━━ Data excerpt

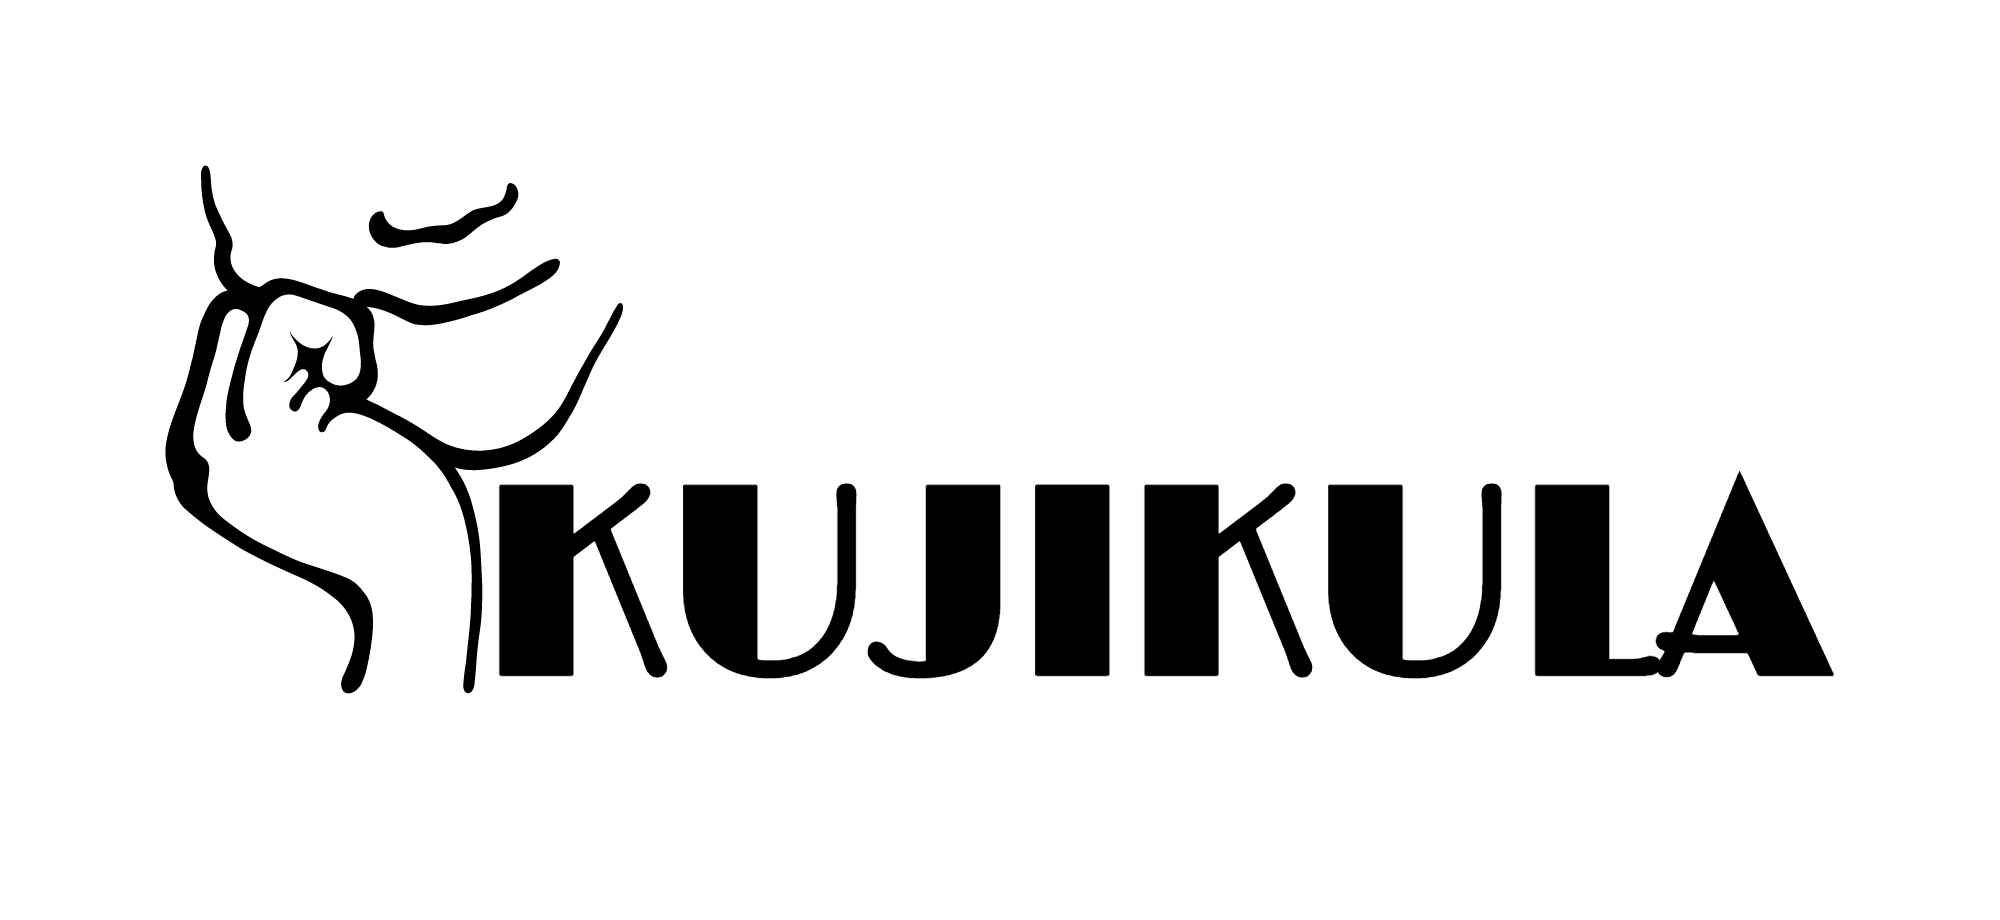 KUJIKULA-logo-black.png
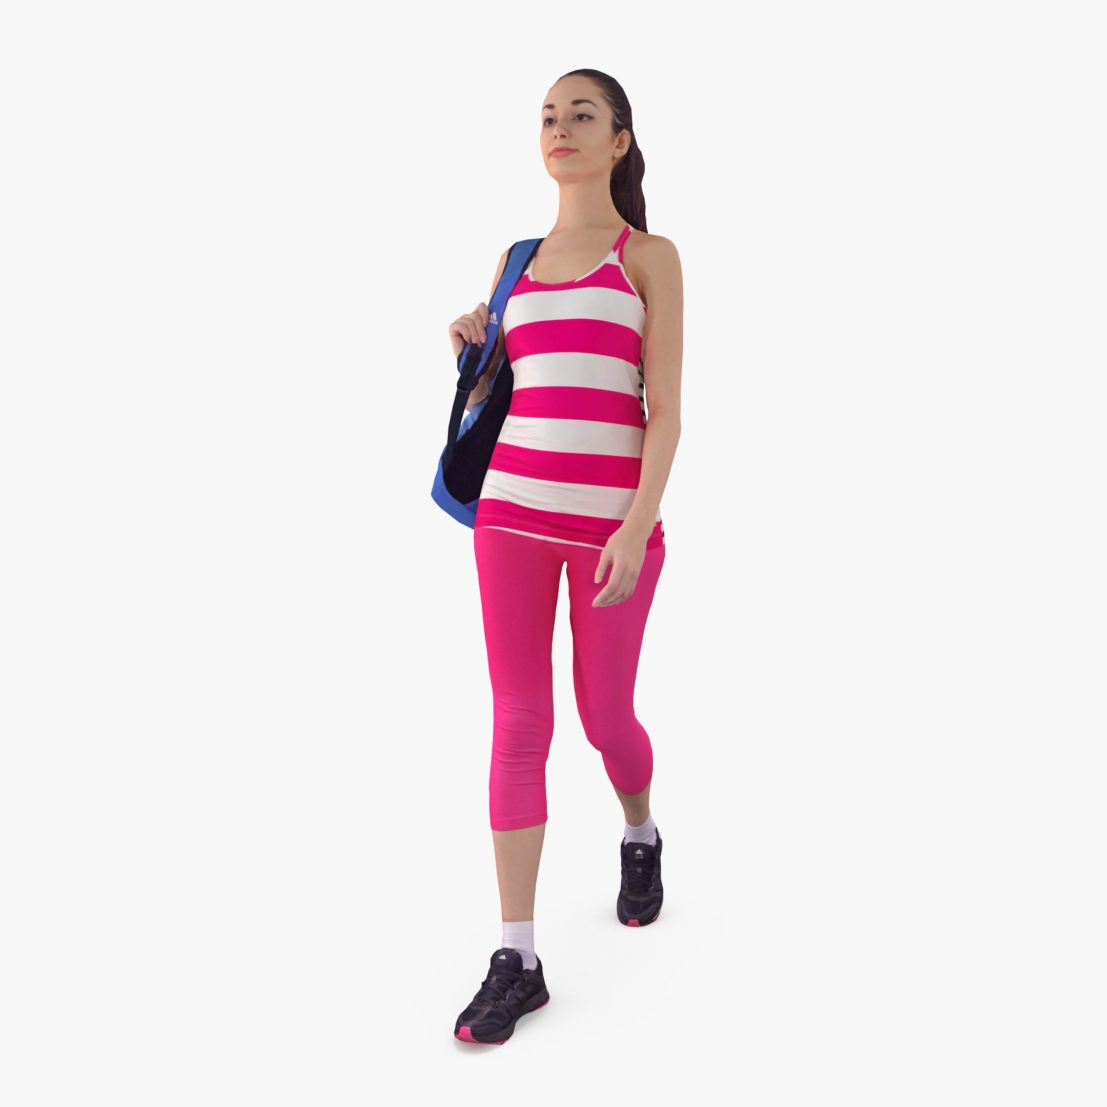 Fit Girl Walking 3D Model | 3DTree Scanning Studio
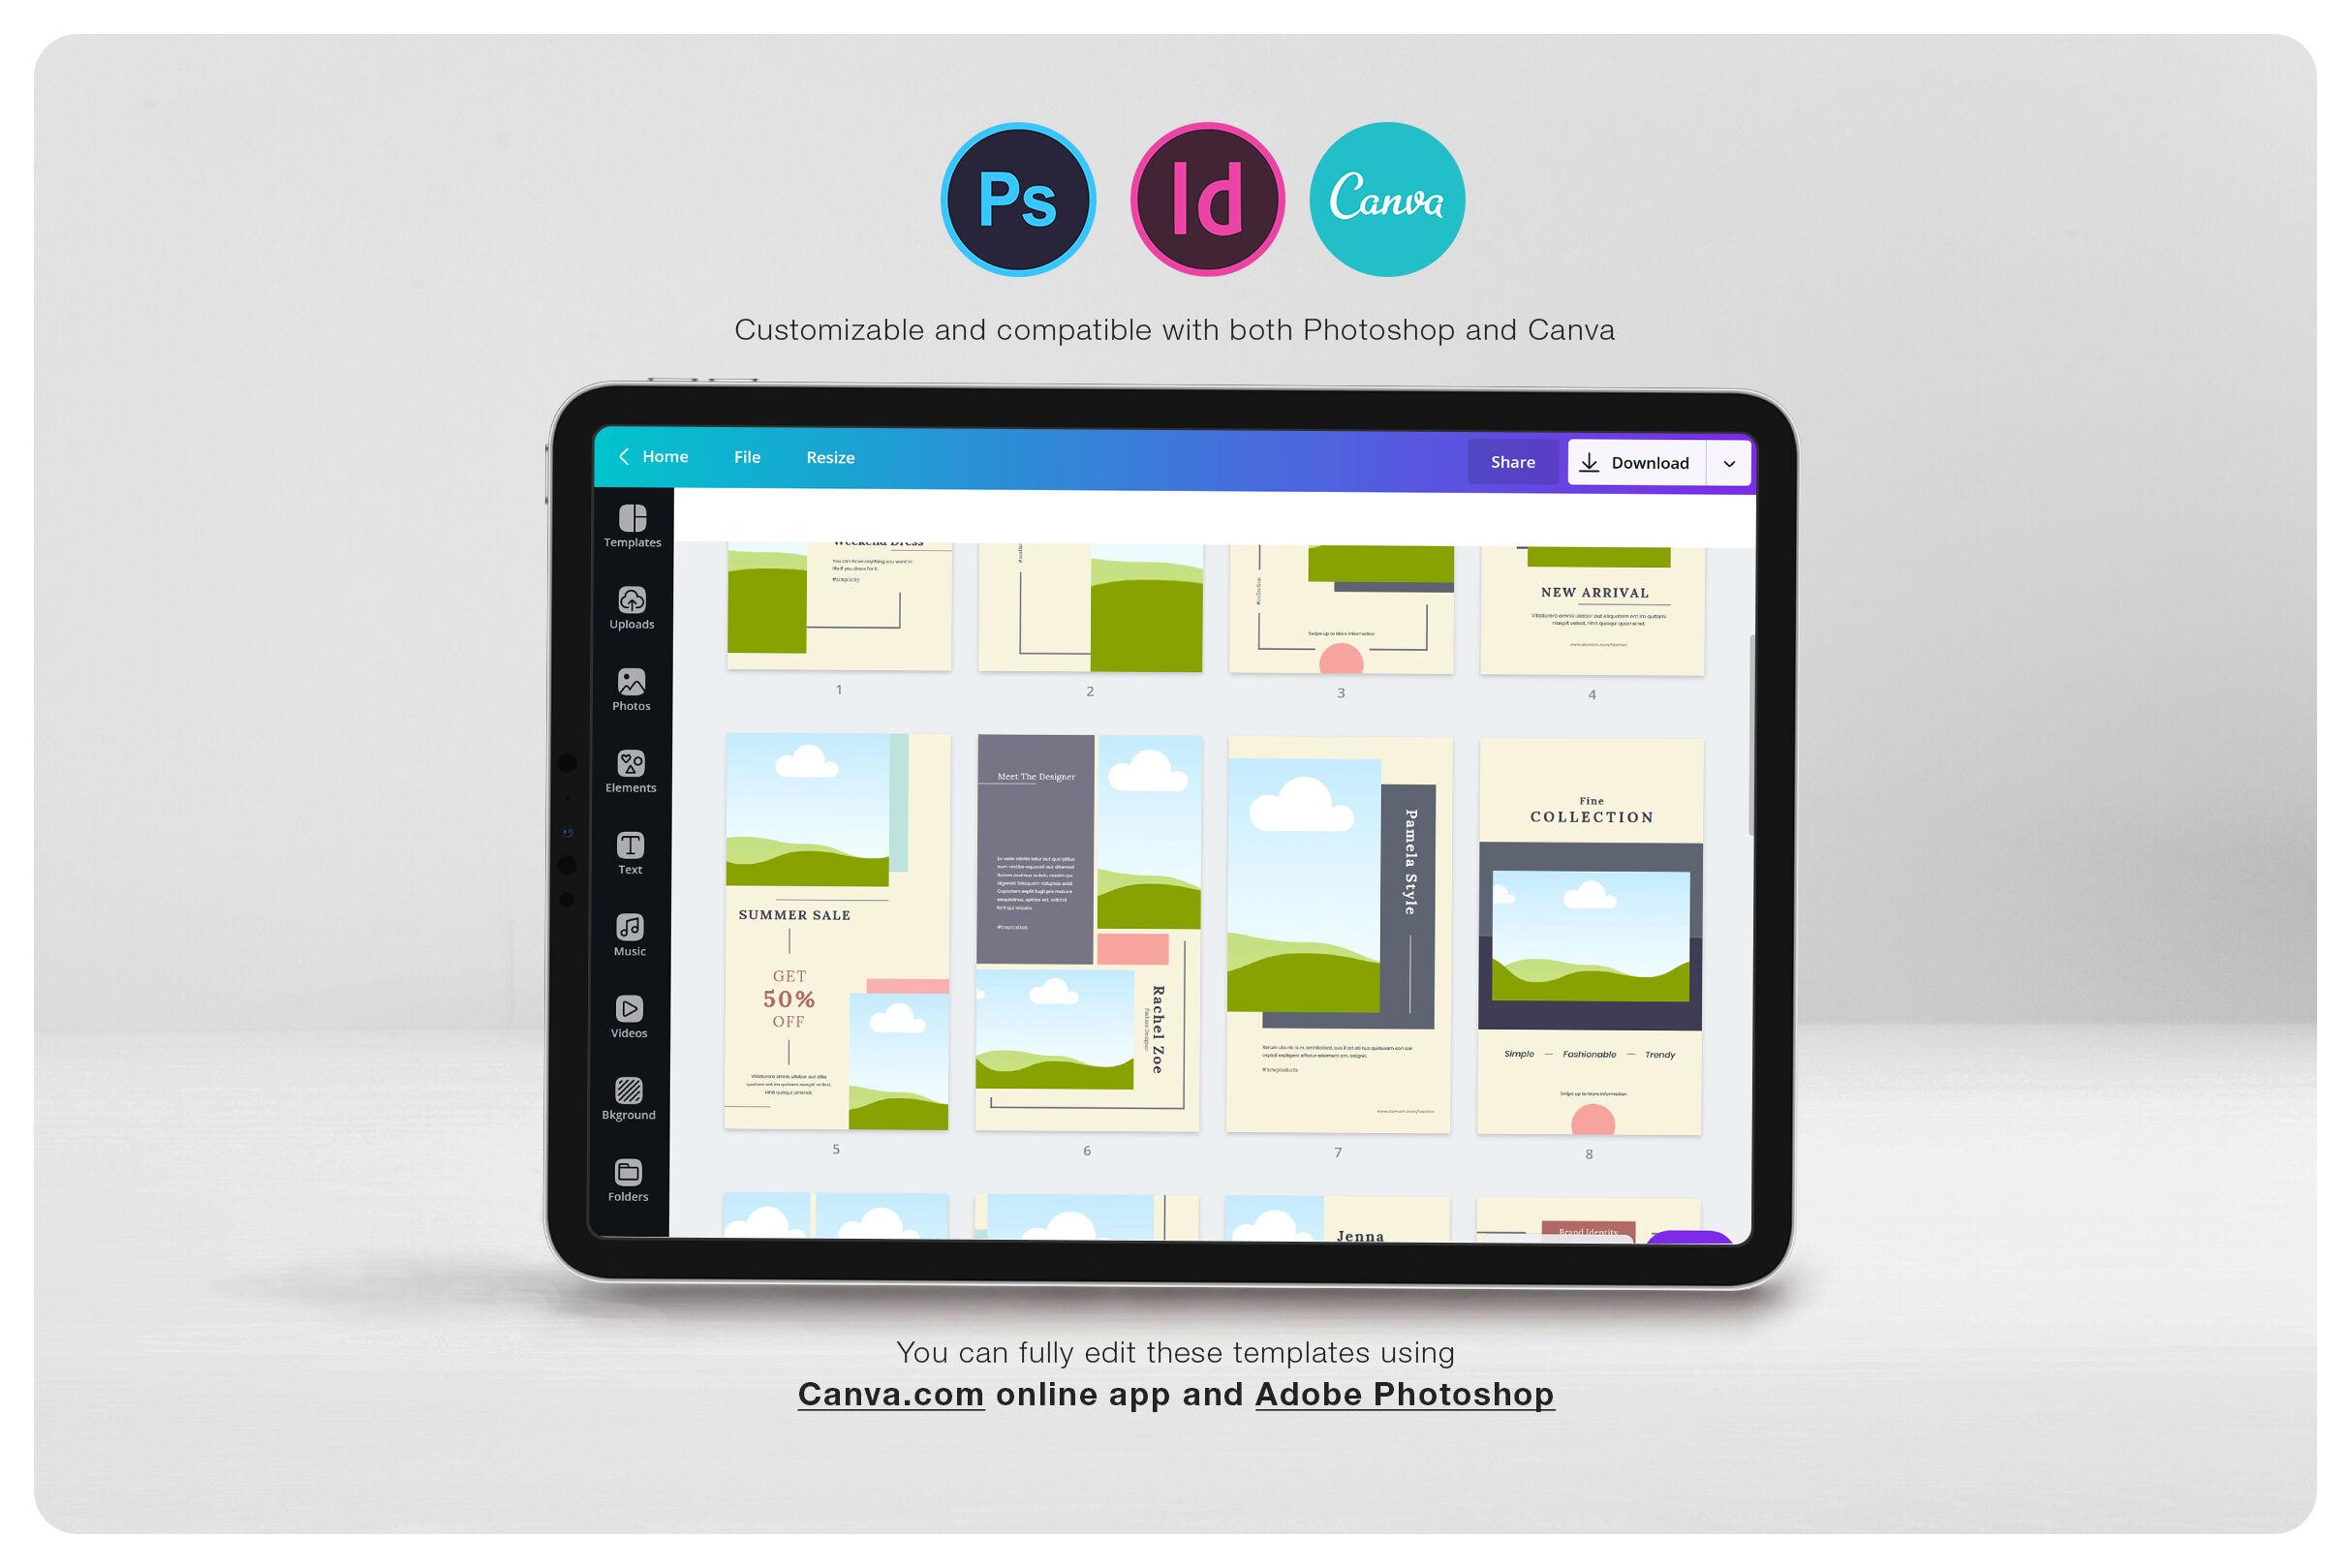 Ipad Iphone Imac Mockup Psd Template

━━━━

■ Task description
Without including any pictures, print all of the material exactly as given.

■ Output for this exercise
 KUJIKULA-logo-black.png
 Fit Girl Walking 3D Model | 3DTree Scanning Studio
 Ipad Iphone Imac Mockup Psd Template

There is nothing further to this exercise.